All businesses and most people want to experience growth. We want to grow our knowledge and our finances. However, growth creates complexity. Growth creates internal complexity. Growth creates external complexity. The ideas that fuel growth generate complexity, and lots of it. Paradoxically, the accumulation of complexity is the silent killer of growth.

Organizations that have experienced growth often have the passing luxury of building complex decision processes. Organizational layers of management start to distort information so much that senior leaders in the company no longer know what's actually going on. Growth organizations often get more matrix. A matrix organization often allows accountability to hide and without accountability quality and efficiency suffer.

With the above pre-text, Chris Zook dives dip into the paradox of growth in his book, The Founder's Mentality. How can we cut down on complexity that is actually hurting our ability to grow?

  1. Create a very clear and insurgent mission that inspires and attracts talent to stay on-board and focused on objectives. An example of this approach might be Netflix's decision to elevate the team focused on their small streaming business while their DVD business was still dominating and driving revenue.
  2. Focus on the customer experience.

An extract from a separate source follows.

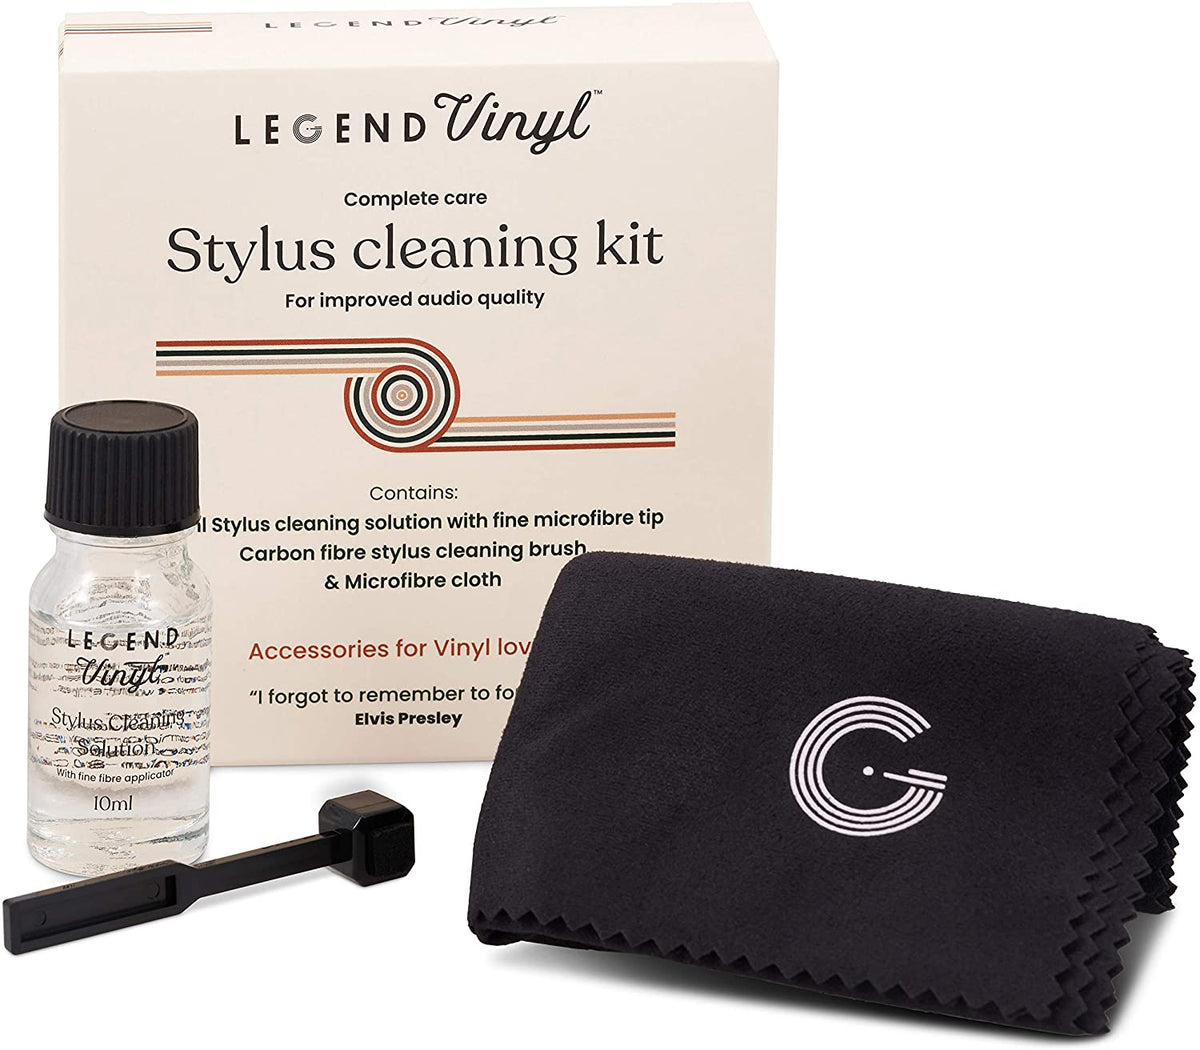 LEGENDS STYLUS CLEANING KIT [ACCESSORIES]
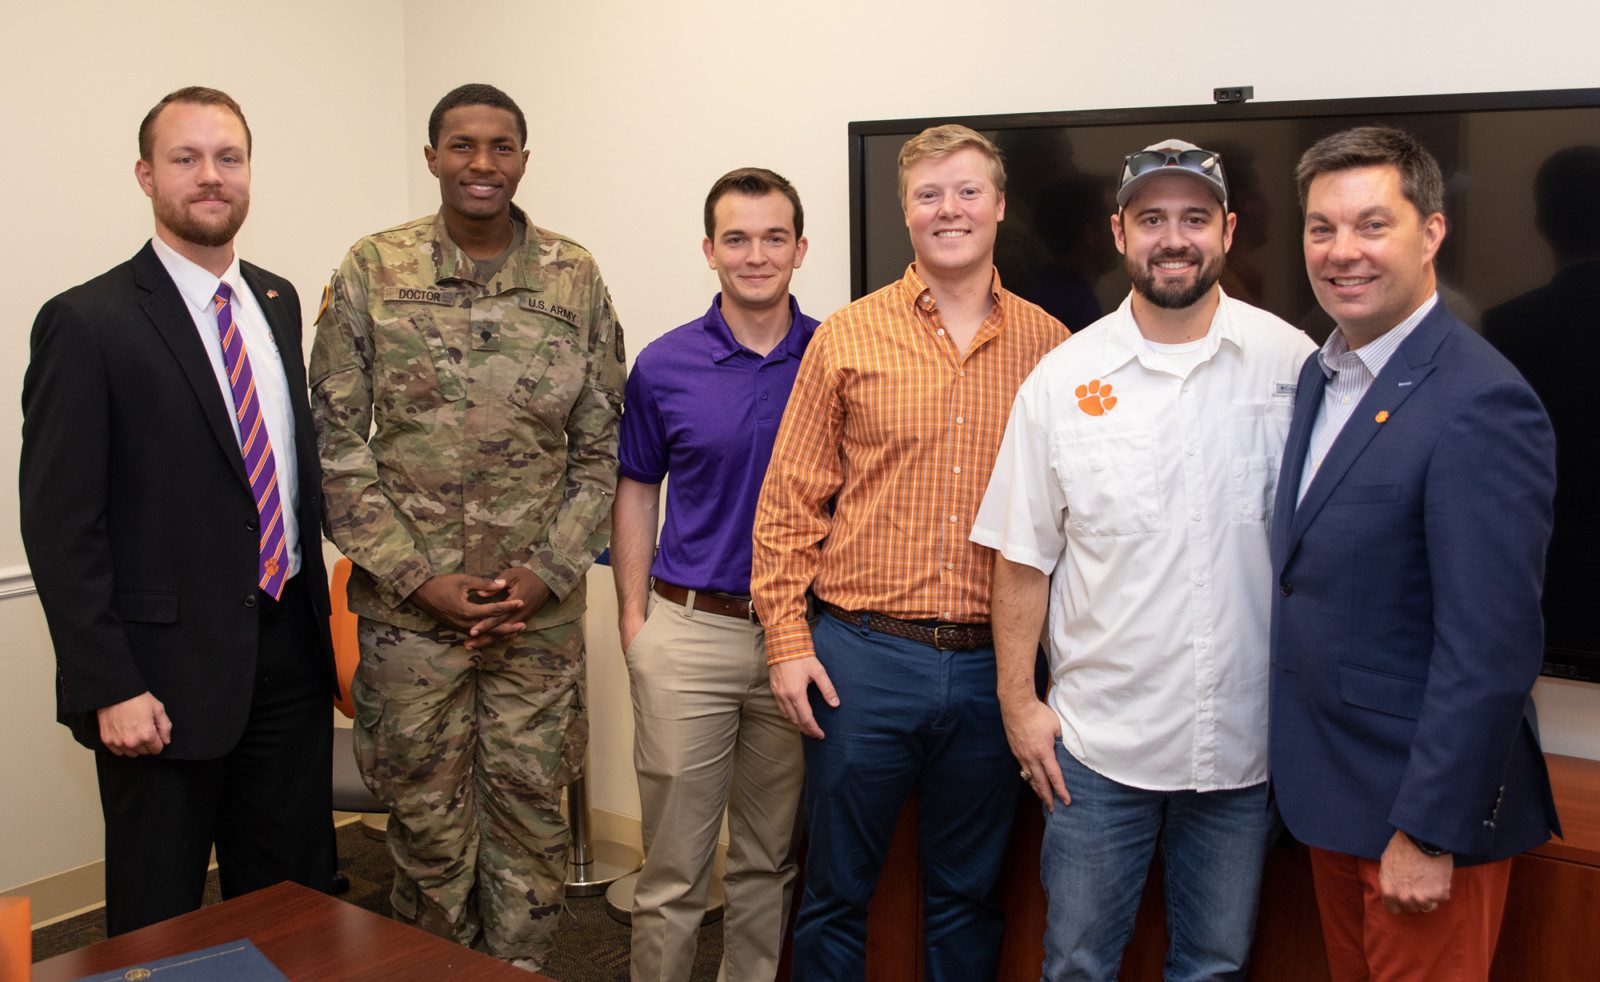 Photo of Brennan Beck (left), director of military and veteran engagement at Clemson, with Newport News Shipbuilding scholarship recipients Daquan Doctor, who serves in the Army National Guard; Damion Anderson, who served in the Marine Corps; Giff Finley, who served in the Coast Guard; and Stewart Fuller, who is on active duty with the Navy. At right is alumnus Matt Needy, who is the company’s vice president of operations.

Think about the CBS show Undercover Boss. In every episode, the senior leader quickly identifies opportunities to improve the customer experience by spending time in the operation.
  3. Foster an owner's mindset. Even if you have a matrix organization, someone needs to be accountable and everyone should be responsible. I see this most at Starbucks, where employees seem empowered to quickly resolve issues.

As I was listening to this HBR podcast, the topic reminded me how some founders choose not to take on much debt. When Apple began to stabilize after Steve Jobs returned to the company, he refused to take on debt. He simply didn't need any debt as the company had strong cash flows. Today Apple's cash flows are still great, but they also carry roughly $75 billion in long-term debt. Why? My guess is that it was a relatively easy way to grow by adding just a bit of finance complexity.